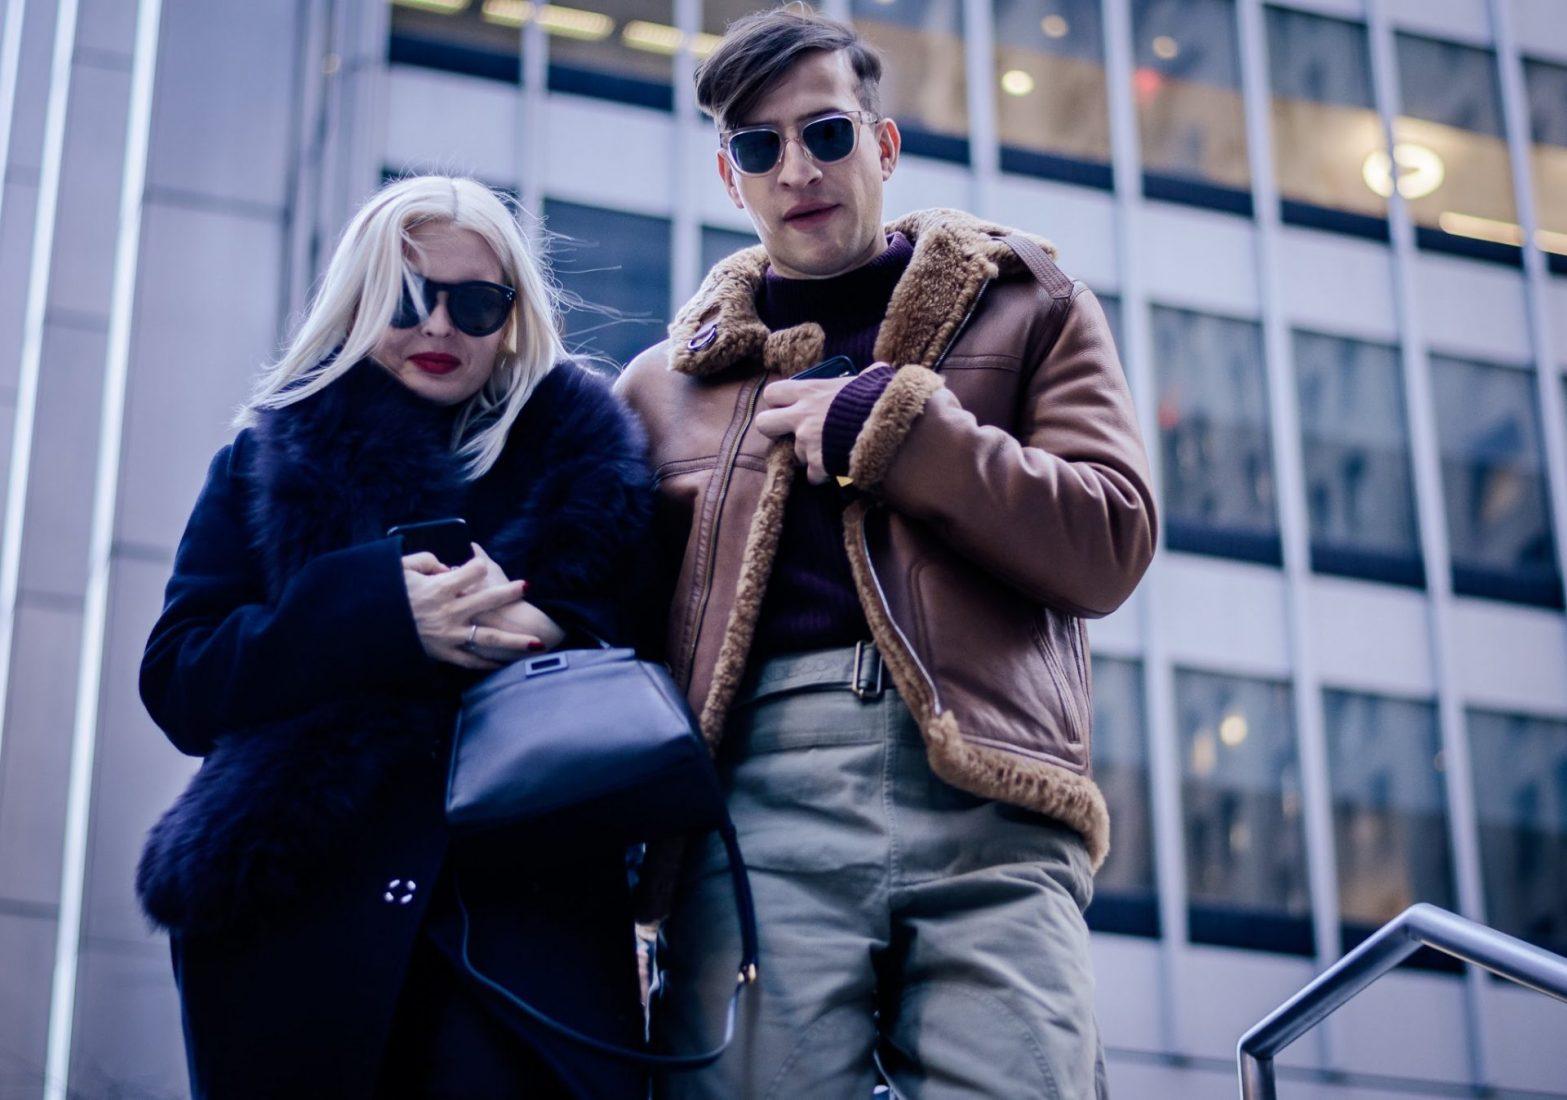 New York Fashion Week Fall/Winter 2019 Wrap-Up
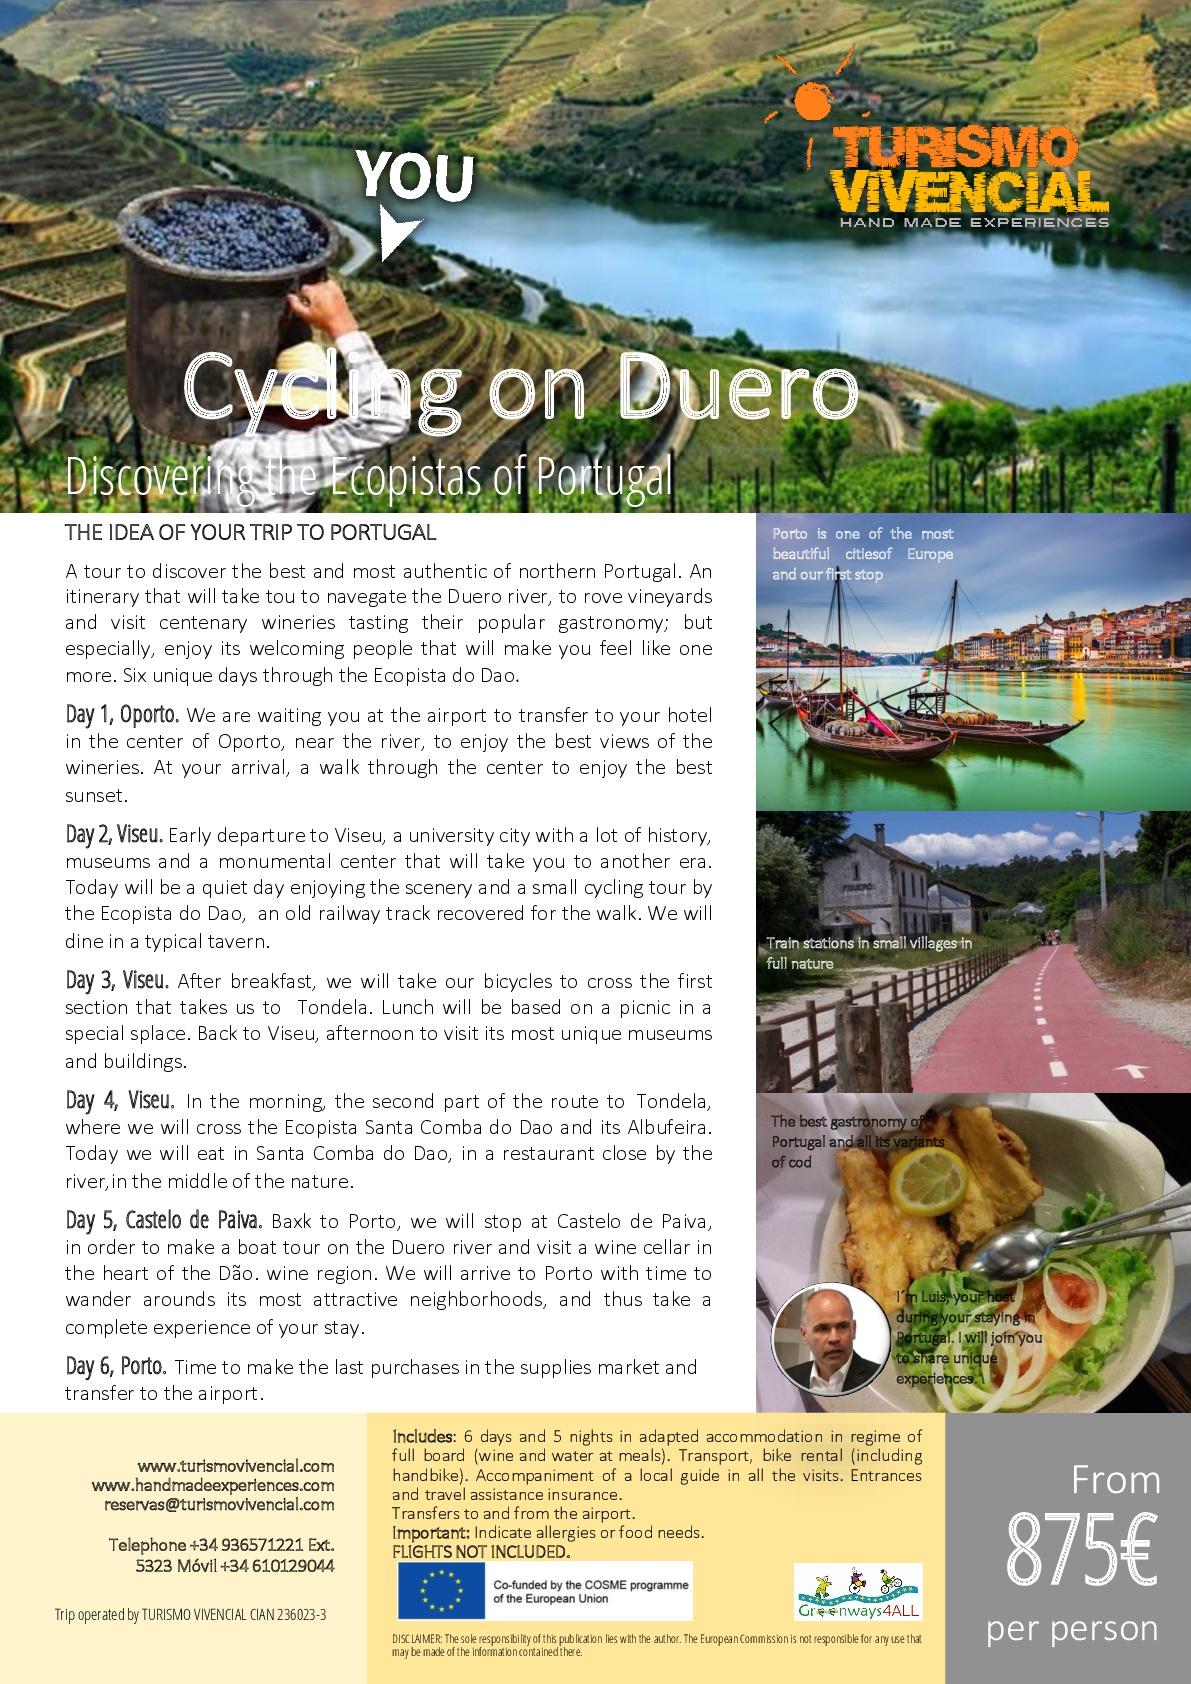 CYCLING ON DUERO
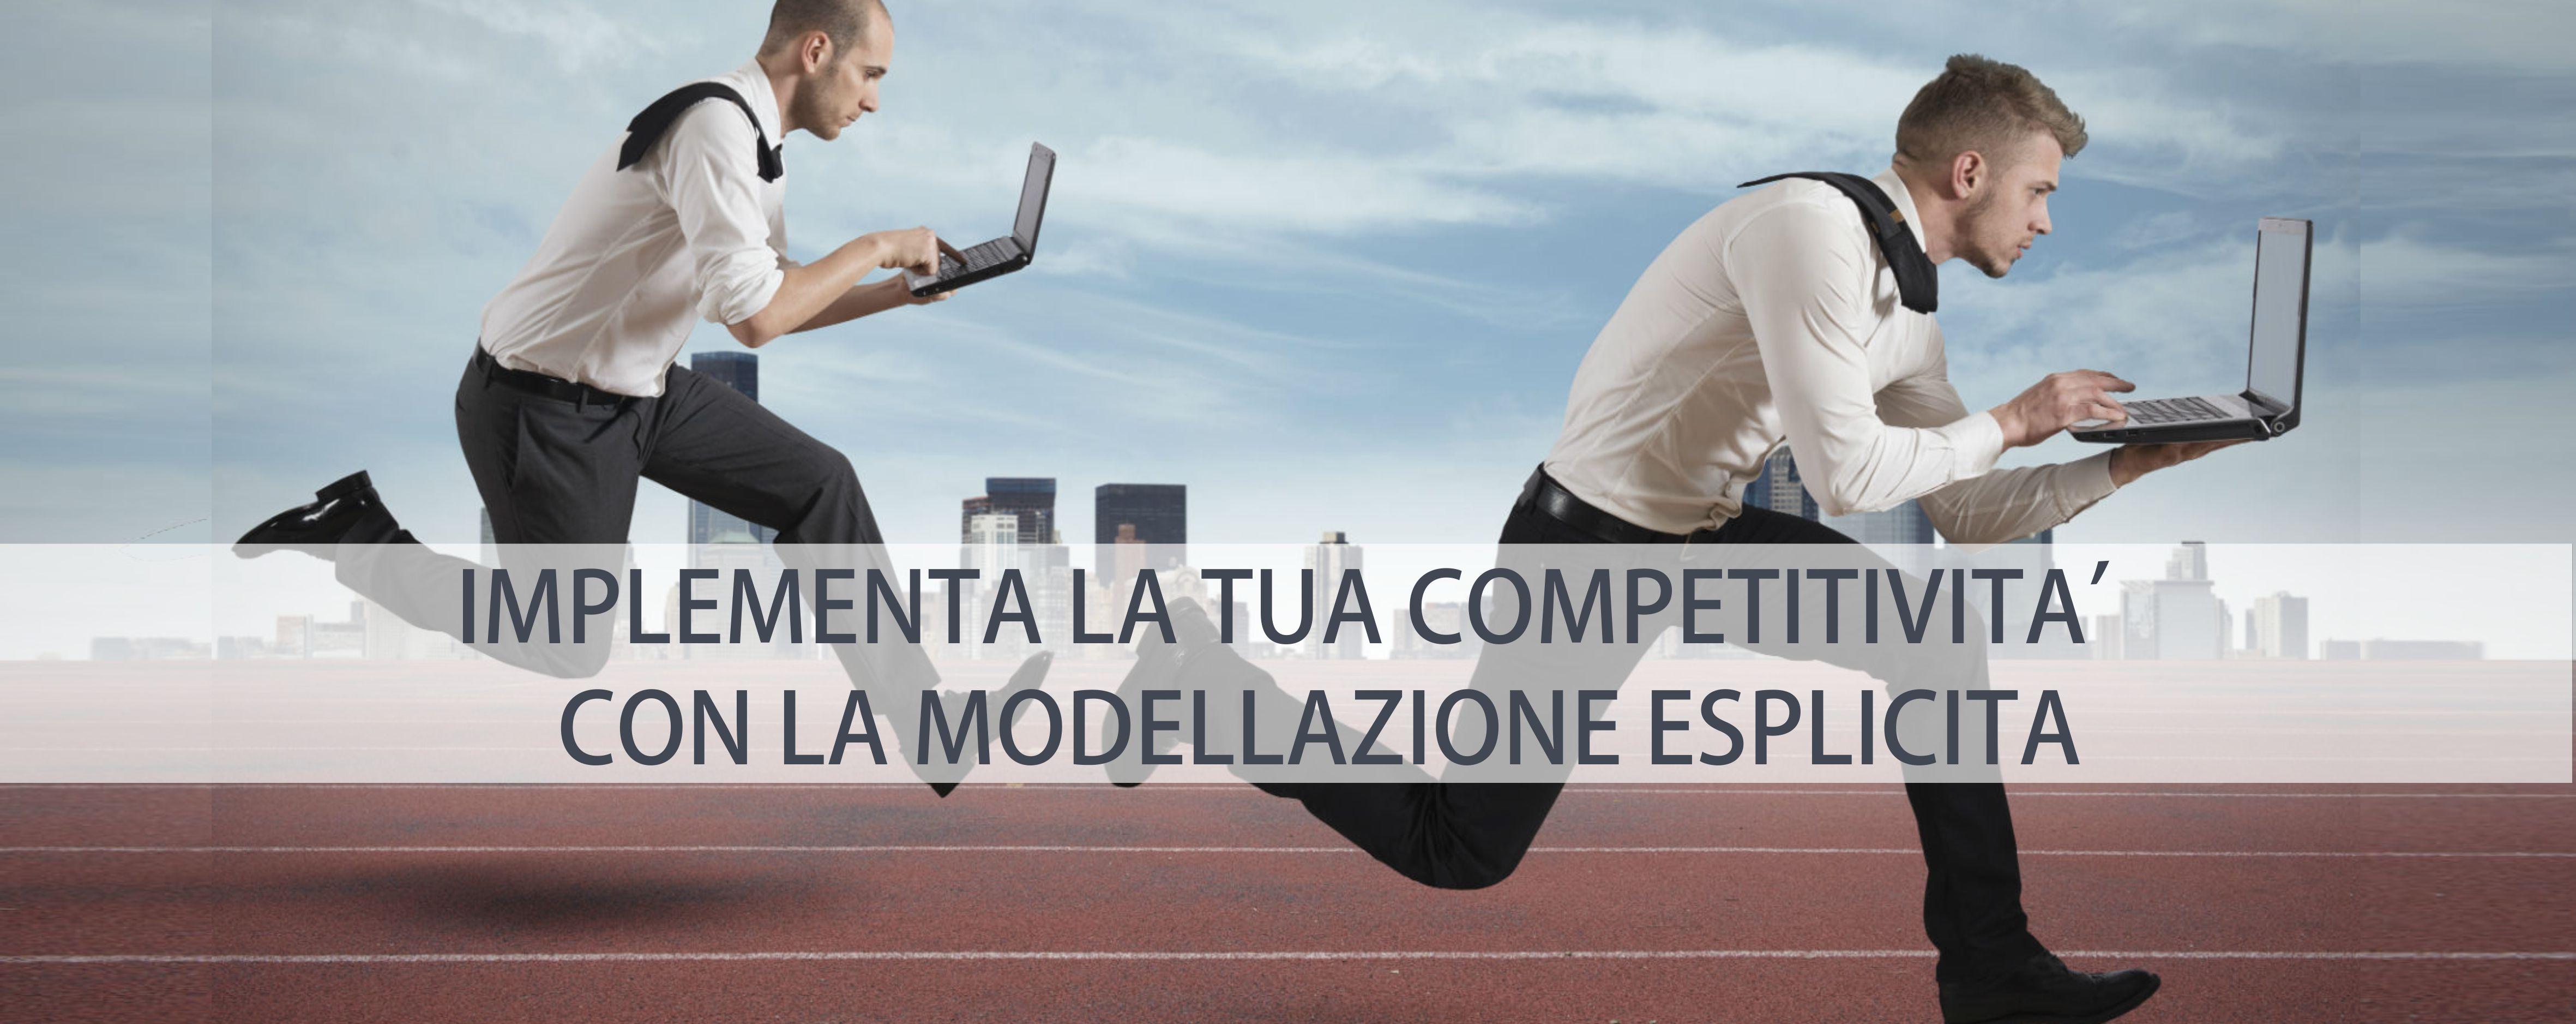 banner-competitive-uomini4
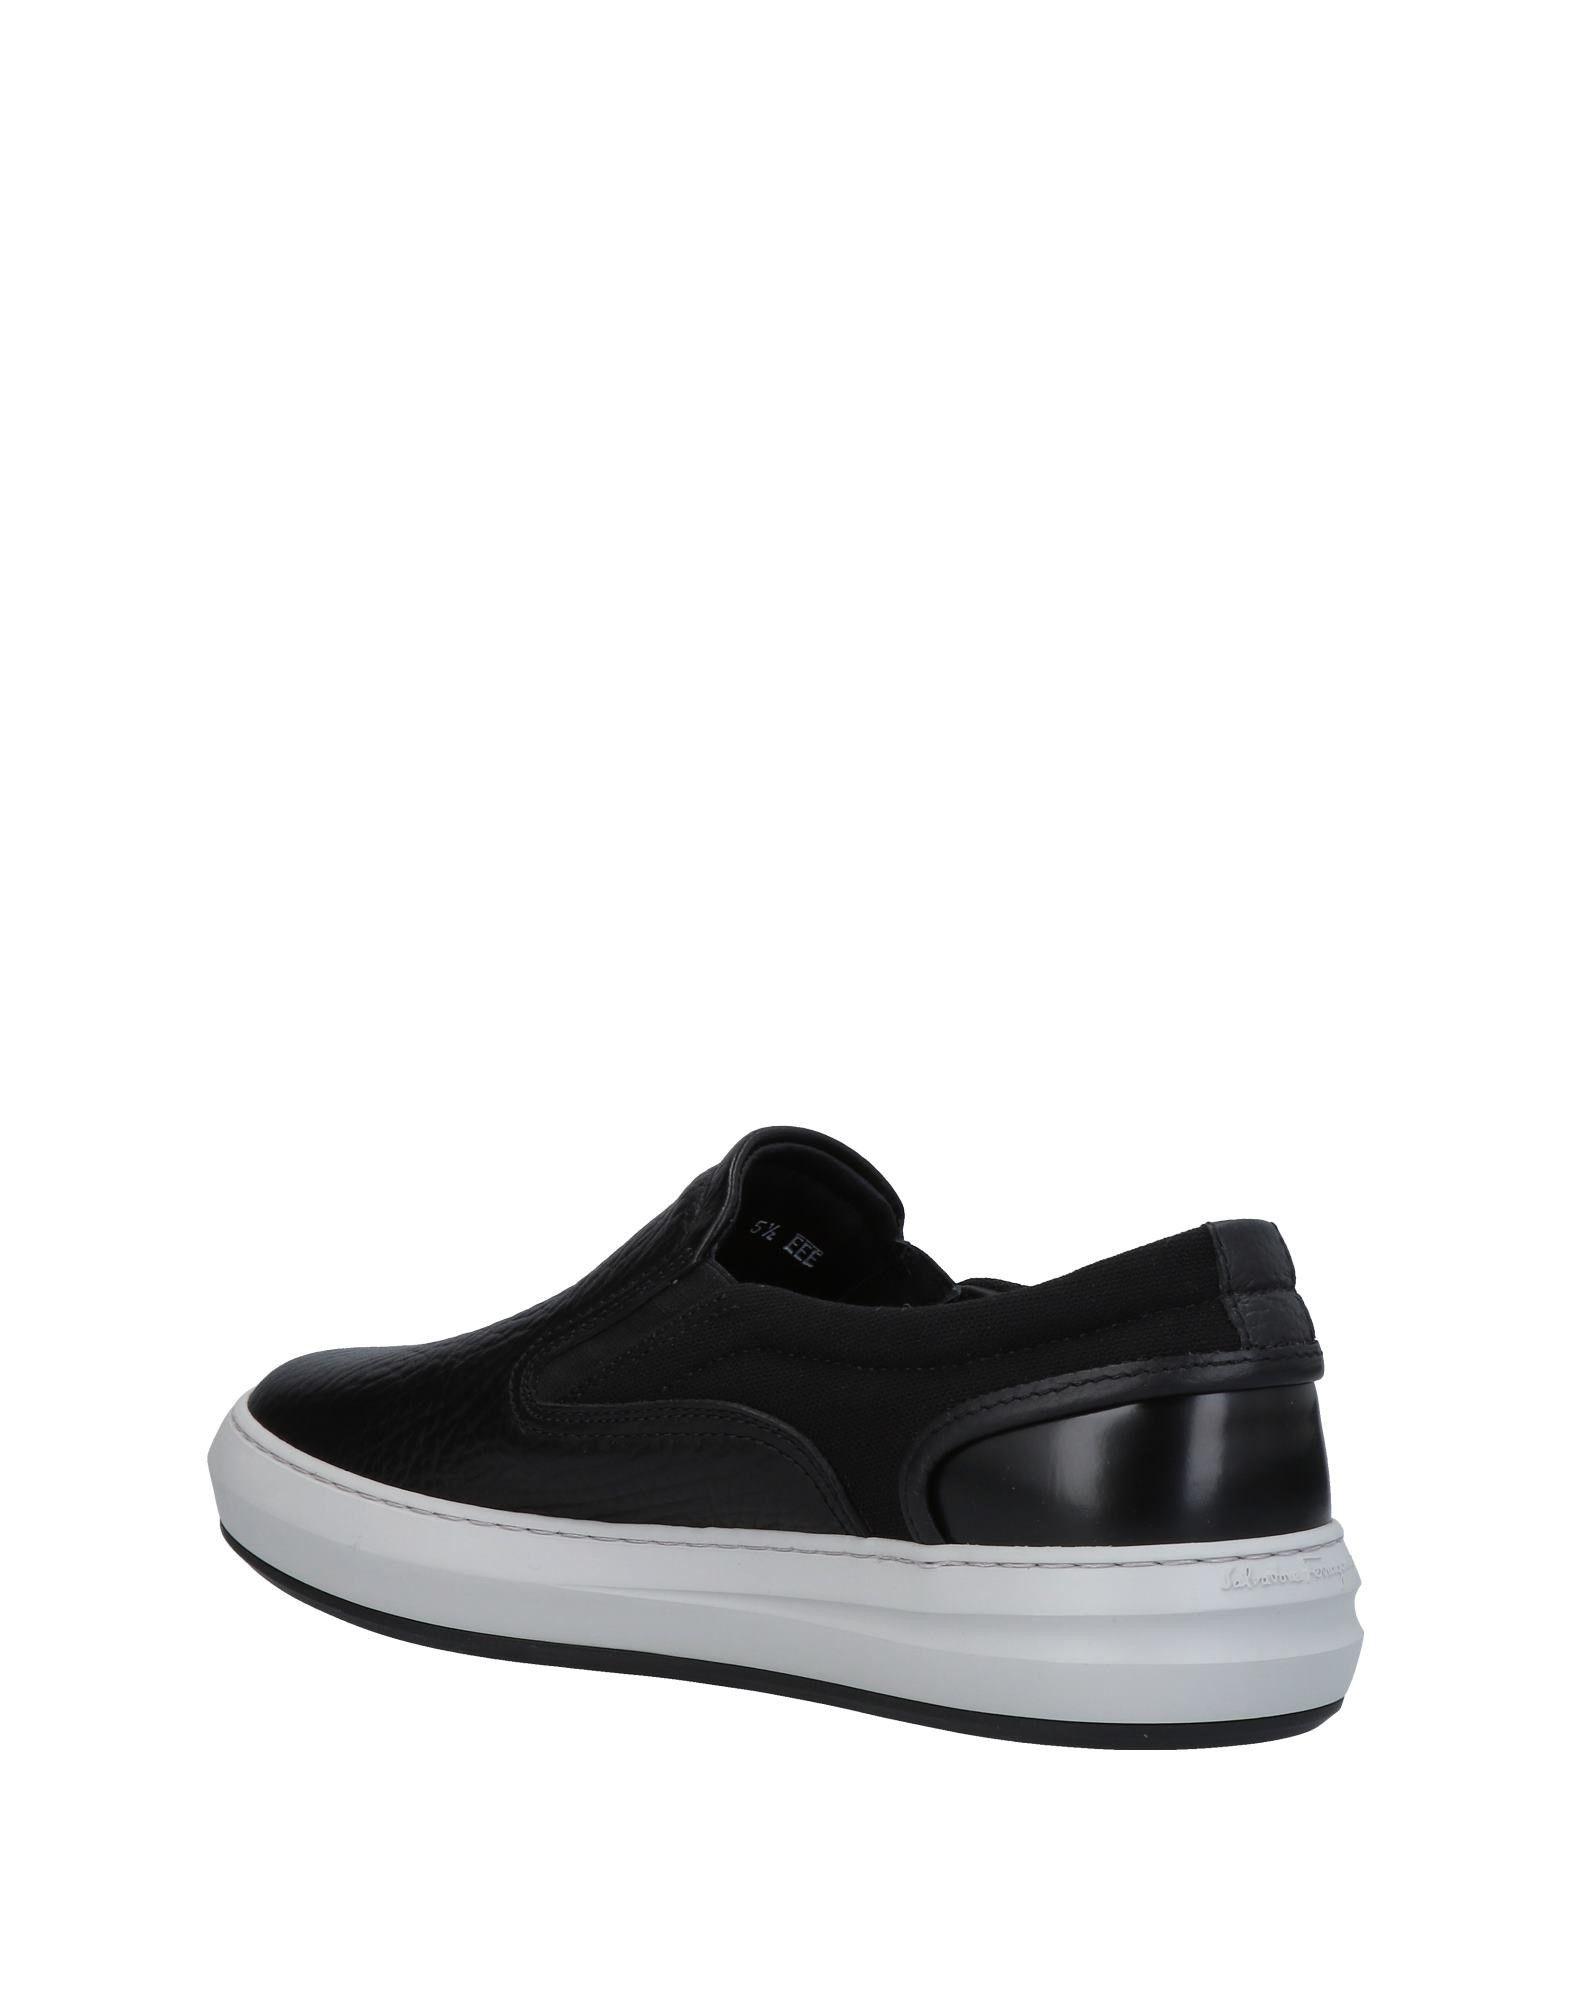 Salvatore Ferragamo Sneakers Herren  Schuhe 11430347QT Gute Qualität beliebte Schuhe  586ff9

Task item
All of the material above is to be copied exactly, with no pictures.

Response to the task
 New York Fashion Week Fall/Winter 2019 Wrap-Up
 CYCLING ON DUERO
 banner-competitive-uomini4
 Salvatore Ferragamo Sneakers Herren  Schuhe 11430347QT Gute Qualität beliebte Schuhe  586ff9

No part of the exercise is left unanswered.